In the entries that follow, find the line containing "Girls_Bathroom_Kensington_London_W8_1675" and the line containing "galeria de casa", then retype exactly the lines from the first through the second, pictures excluded.

[[ Data supplied open ]]

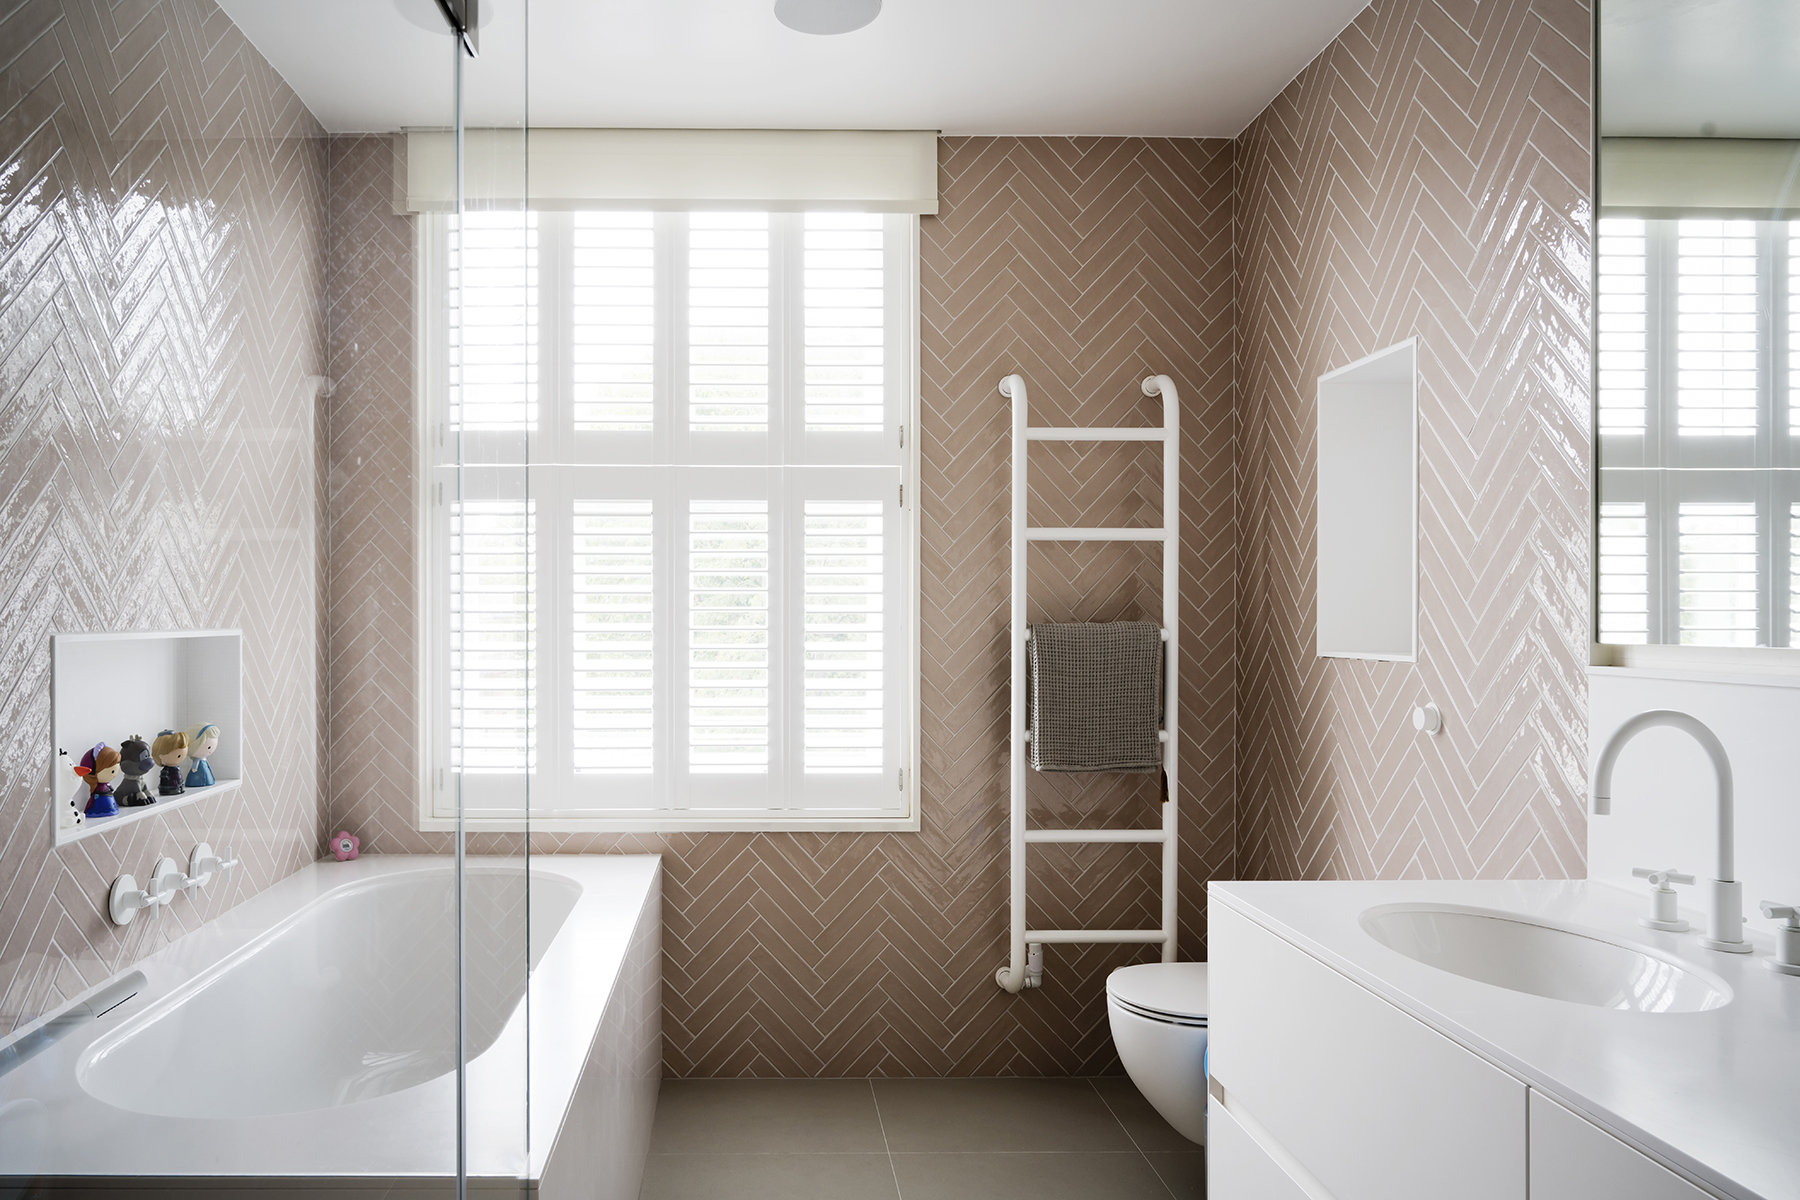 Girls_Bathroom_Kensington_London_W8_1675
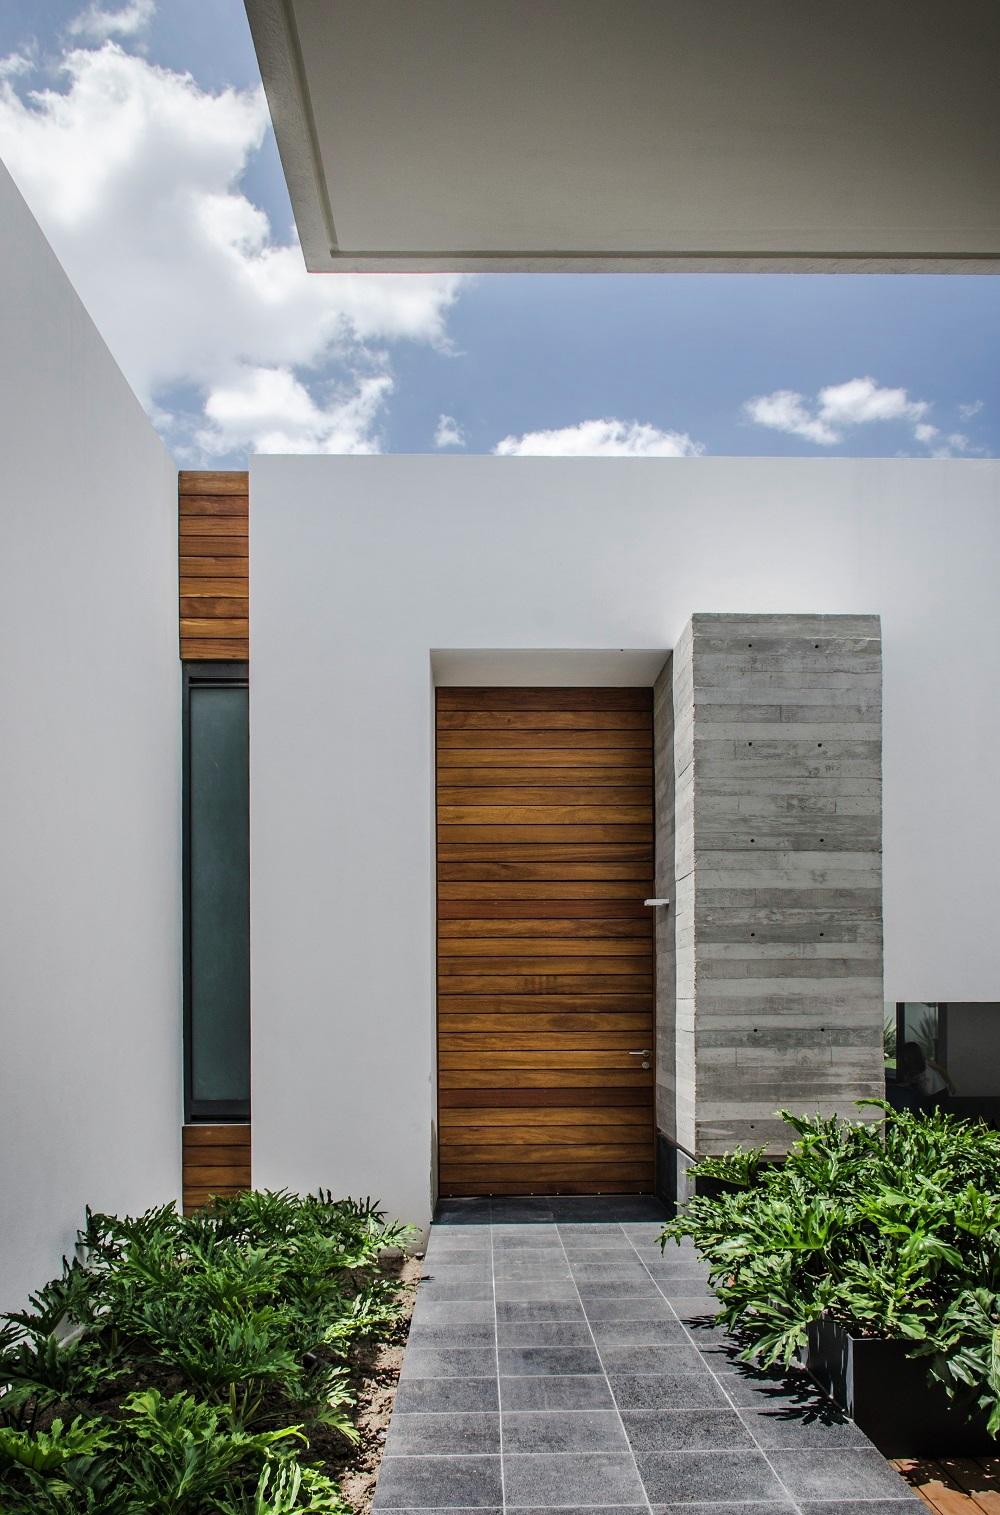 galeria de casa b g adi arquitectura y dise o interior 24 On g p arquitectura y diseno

[[ Data supplied closed ]]
[[ Data supplied open ]]

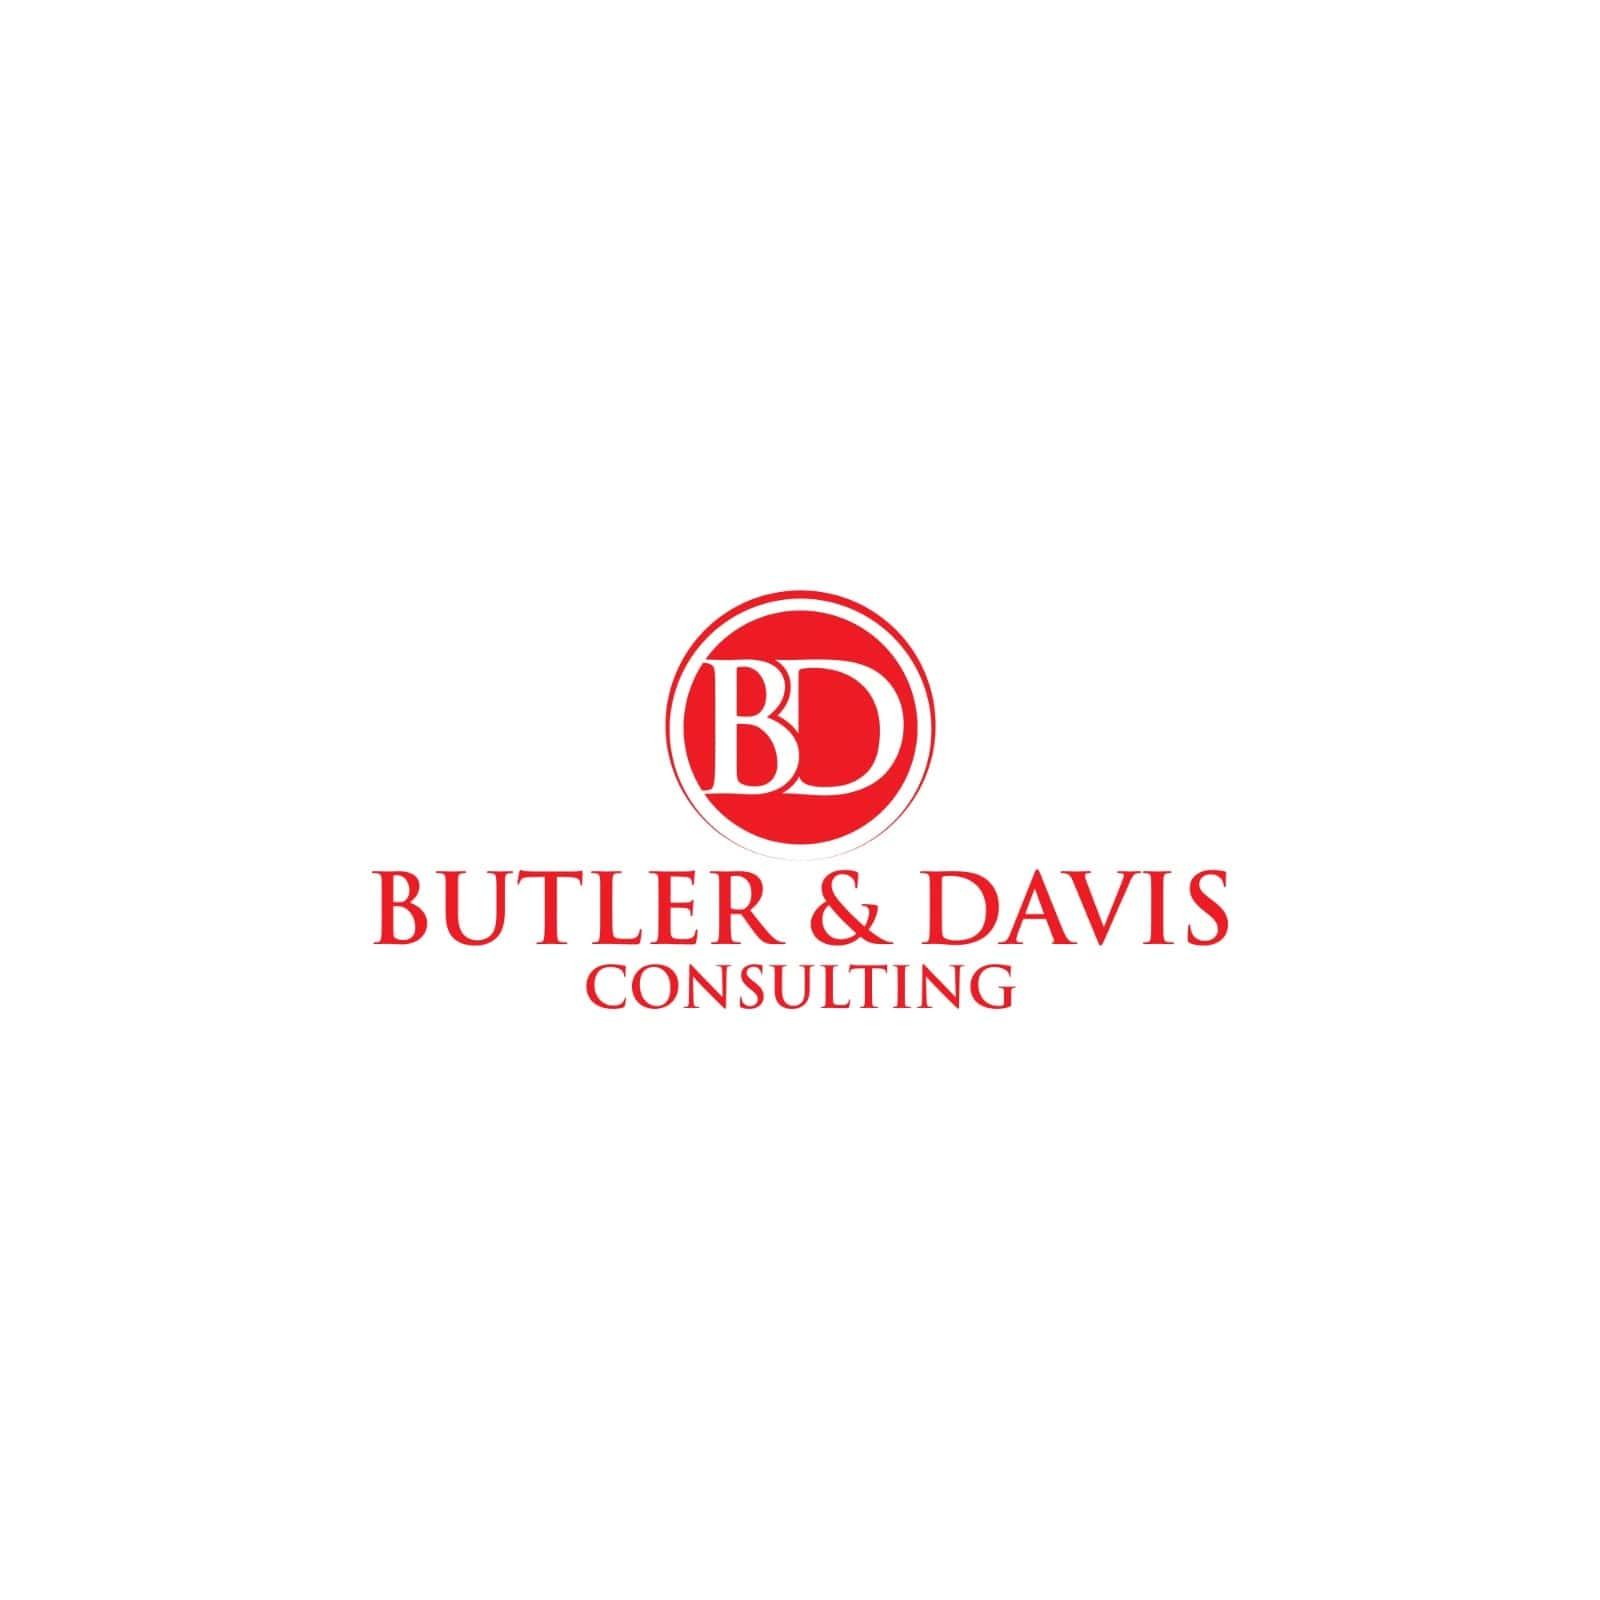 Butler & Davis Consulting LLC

[[ Data supplied closed ]]

◆ Exercise result
 Girls_Bathroom_Kensington_London_W8_1675
 galeria de casa b g adi arquitectura y dise o interior 24 On g p arquitectura y diseno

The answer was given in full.